Unified governance solution for data and AI assets across Azure Databricks workspaces with centralized access control, audit logging, and data discovery.


🌟 Overview

Unity Catalog is a unified governance solution for all data and AI assets in Azure Databricks, including files, tables, machine learning models, and dashboards.

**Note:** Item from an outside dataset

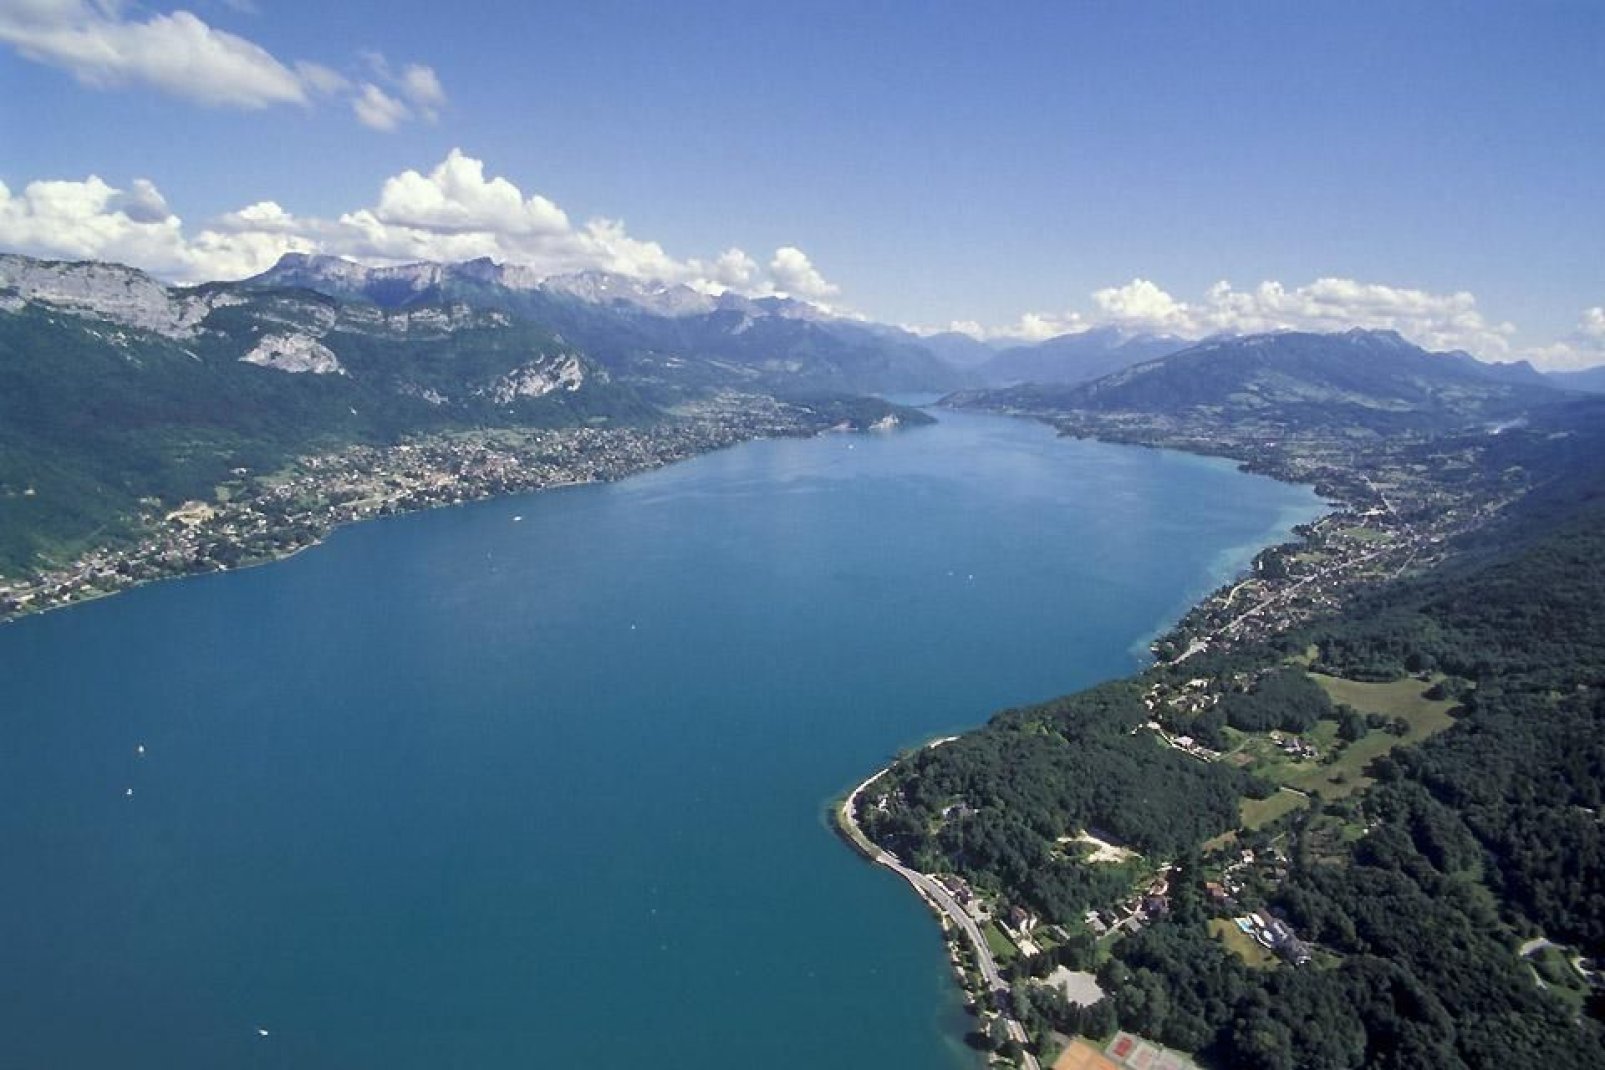 La superficie de este lago, también apodado el lago azul, mide unos 28 km. Este lugar se beneficia de un entorno único, con una fauna y una flora incomparables.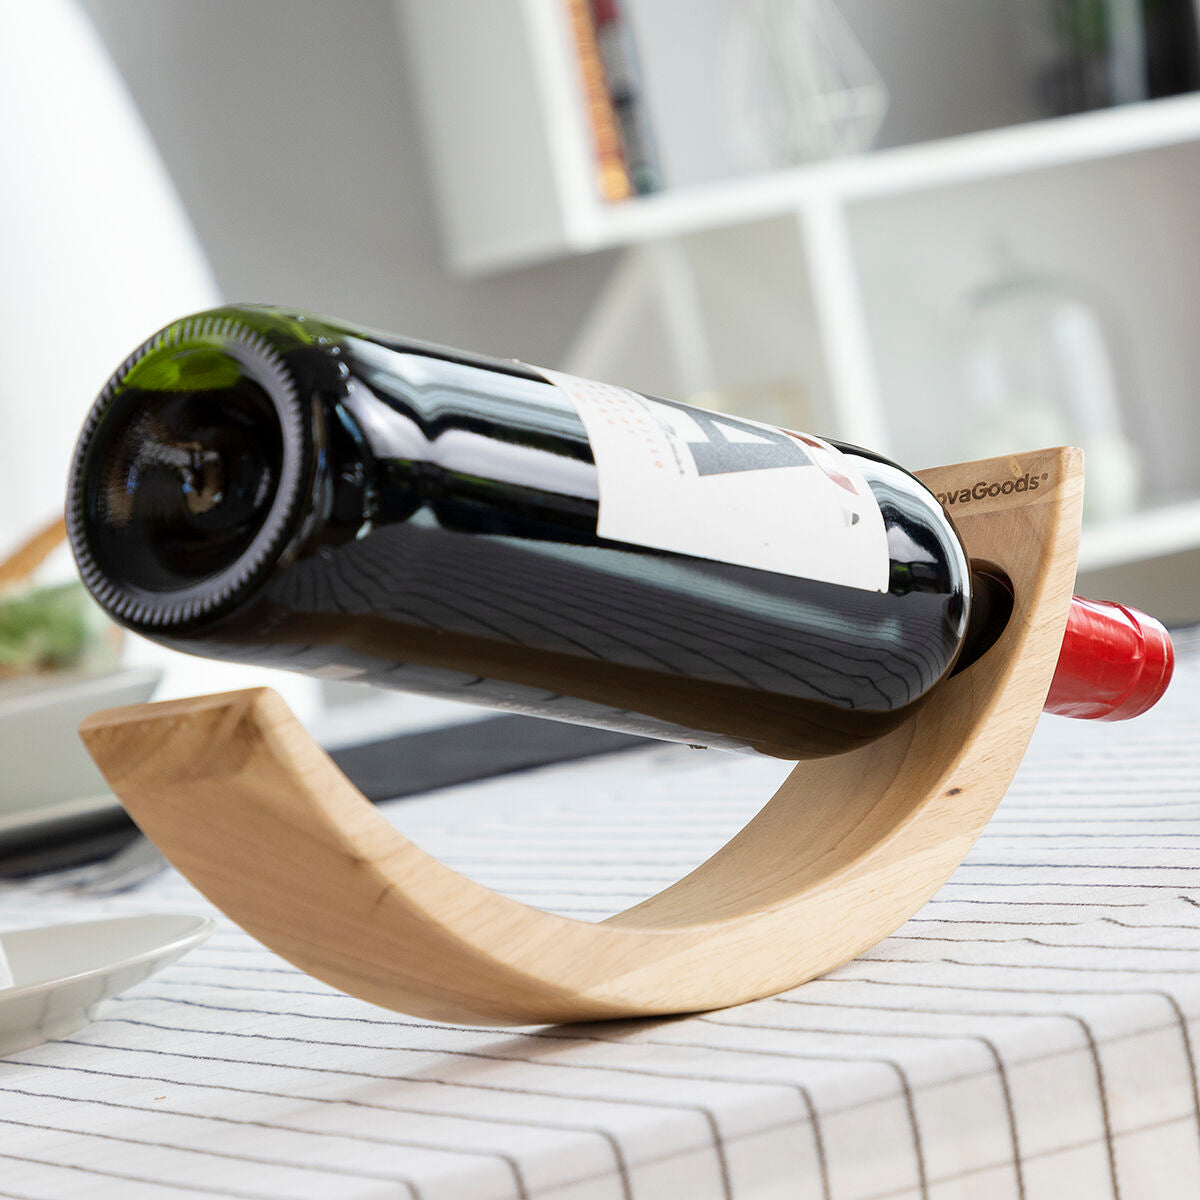 Pendelnder Weinflaschenhalter aus Holz Woolance InnovaGoods

It provides centralized access control, auditing, lineage, and data discovery across multiple workspaces.

🔥 Key Benefits

  • Centralized Governance: Single source of truth for all data assets
  • Fine-Grained Access Control: Row, column, and attribute-based permissions
  • Data Lineage: Automatic tracking from source to consumption
  • Data Discovery: Search and browse across all workspaces
  • Secure Data Sharing: Share data across workspaces and organizations
  • Compliance: Built-in audit logging and access tracking

🏗️ Architecture

Unity Catalog Hierarchy

graph TB
    subgraph "Metastore Level"
        Meta[Unity Catalog<br/>Metastore]
    end

    subgraph "Catalog Level"
        Cat1[Production<br/>Catalog]
        Cat2[Development<br/>Catalog]
        Cat3[Analytics<br/>Catalog]
    end

    subgraph "Schema Level"
        Schema1[Sales Schema]
        Schema2[Marketing Schema]
        Schema3[Finance Schema]
    end

    subgraph "Object Level"
        Tables[Tables]
        Views[Views]
        Functions[Functions]
        Models[ML Models]
        Volumes[Volumes]
    end

    Meta --> Cat1
    Meta --> Cat2
    Meta --> Cat3

    Cat1 --> Schema1
    Cat1 --> Schema2
    Cat2 --> Schema3

    Schema1 --> Tables
    Schema1 --> Views
    Schema2 --> Functions
    Schema3 --> Models
    Schema3 --> Volumes

Three-Level Namespace

  └── catalog                 # Environment or business unit
      └── schema              # Functional area or domain
          └── table/view      # Data asset

Example:

-- Three-level namespace
SELECT * FROM production.sales.customers;
--                 |        |      |
--              catalog  schema  table


🚀 Getting Started

Prerequisites

Requirements:
  - Azure Databricks Premium or Enterprise tier
  - Account Administrator role
  - Azure Active Directory integration
  - Storage account for metastore

Permissions:
  - Account Admin (for metastore creation)
  - Workspace Admin (for workspace assignment)
  - Metastore Admin (for governance setup)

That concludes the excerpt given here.